Mayella Ewell: The oldest daughter of Bob Ewell, she’s a desperately lonely and overworked young woman whose need for companionship – any companionship – has overwhelmed every other emotion. However, when her effort to reach out explodes in her face, she fights just as desperately for what she thinks is survival.

Bob Ewell: Ewell is a little bantom-cock of a man who lives with his large family by the town dump. As Harper Lee describes their situation – “The town gave them Christmas baskets, welfare money, and the back of their hand.” Bob thinks this trial will make him an important man, and when Atticus destroys his credibility, Bob’s rage and frustration border on paranoia.

Walter Cunningham: Cunningham is a hard-up farmer who shares the prejudices of this time and place but who is nevertheless a man who can be reached as a human being. He also has seeds of leadership, for when his attitude is changed during the confrontation with Atticus, he takes the others with him.

Mr. Gilmer: He is a public prosecutor who is doing his job in trying to convict Tom. In many ways his manner is cruel and hurtful. And yet under all this, he too has expressed doubts as to Tom’s guilt, and his heart isn’t really in this conviction. Still – he goes after it, and it’s a hard thing.

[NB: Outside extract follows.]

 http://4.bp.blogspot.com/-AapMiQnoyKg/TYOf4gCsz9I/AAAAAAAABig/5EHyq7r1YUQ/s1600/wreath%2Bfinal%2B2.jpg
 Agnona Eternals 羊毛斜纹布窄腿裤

Tom Robinson: Robinson is black, handsome, and vital, but with a left hand crippled by a childhood accident and held against his chest. He’s married to Helen and they have young children. He faces up to a false charge with quiet dignity. There’s an undercurrent in him on kindness, sensitivity, and consideration.

Helen Robinson: She is half numb with the shock of the false charge against her husband Tom; she’s someone caught in a nightmare.

Townspeople

Farmers

elf The Musical – September 3-6, 2022

The holiday movie favorite “elf The Musical” comes to the Paramount Bristol stage under the direction of Kenn Naegele November 11-20, 2022, and the ARTspace stage December 2-18, 2022. Auditions for men, women, and children for this production are September 3-6, 2022. Rehearsals begin September 12, 2022.

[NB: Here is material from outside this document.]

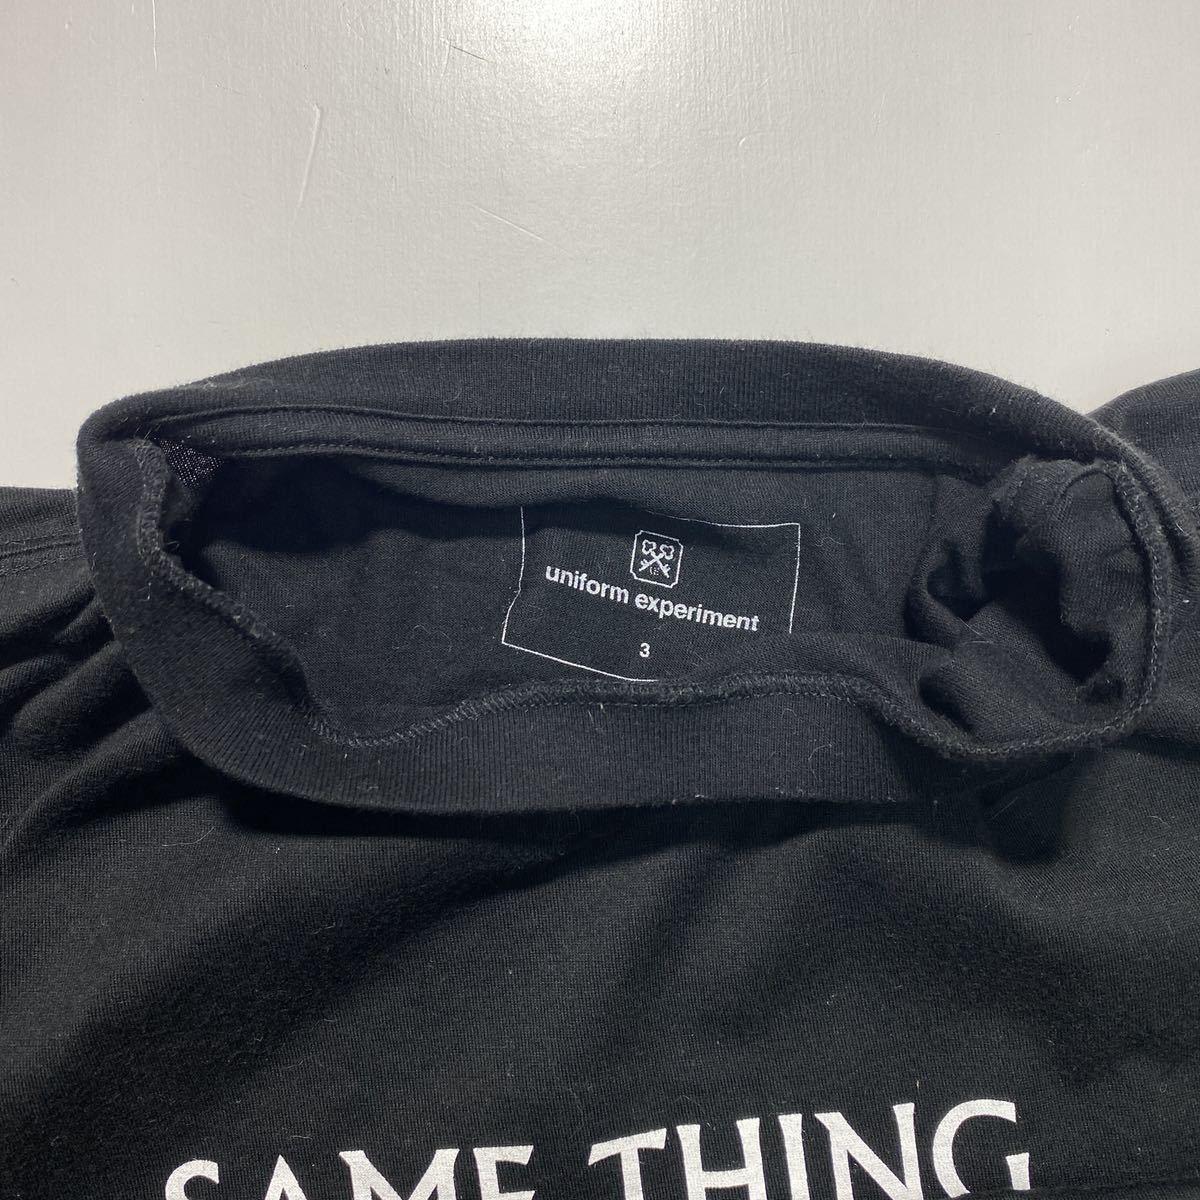 【3】uniform experiment Fragment design Tee ユニフォーム エクスペリメント フラグメントデザイン Tシャツ ブラック G485_画像4

Theatre Bristol COVID-19 Policy

Your safety is our priority. We are taking a cautious leap with our 2022 productions, keeping in mind how it affects our community and local hospitals. As a non-profit organization that receives a state project grant each year, we are unable to require vaccinations and masks. However, Theatre Bristol encourages vaccination, especially while Tennessee has high transmission risk and the fourth highest case count per capita.

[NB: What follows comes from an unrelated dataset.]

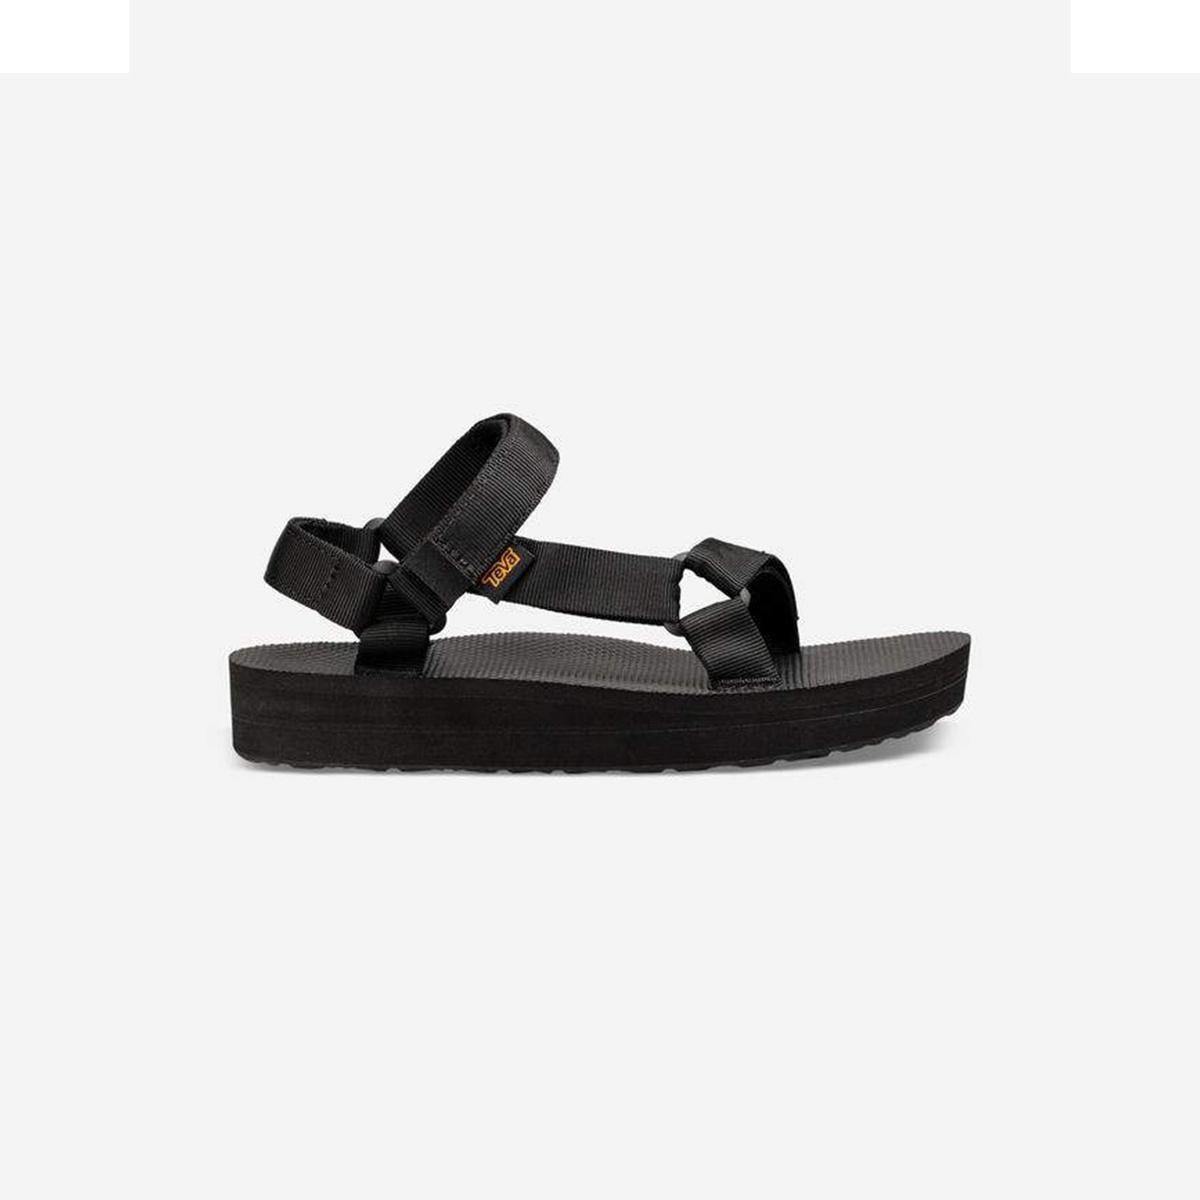 4f3f8861179b 97+ Original Universal Men S Sandal Teva. Teva Hudson Sandal Men S ...

In order to audition and participate in the production, you will need to present a negative COVID-19 test taken the same day as the audition/rehearsal. Alternatively, you may voluntarily provide proof of vaccination or proof of a current positive antibody test.

***Please wear a mask during your audition unless asked to remove it.***

Performers speak and sing in close proximity for extended periods of time. In order to keep the cast and crew healthy and make sure our production gets to the stage, vaccination is encouraged. Although the cast being exposed to COVID-19 is inevitable, vaccination is proven to reduce the risk, severity, and length of being infected. Unvaccinated cast members can seriously jeopardize the production.

The creative team, by their own volition, is vaccinated. Theatre Bristol devotes a great deal of time, energy, and money to each production and requests that our volunteers support that effort by being vaccinated.

Theatre Bristol cannot be held responsible for exposure to COVID-19.

These requirements are updated as more information becomes available.

If, at any point, the Theatre Bristol Board of Directors determines that it is not prudent to proceed with the production, the show will be cancelled.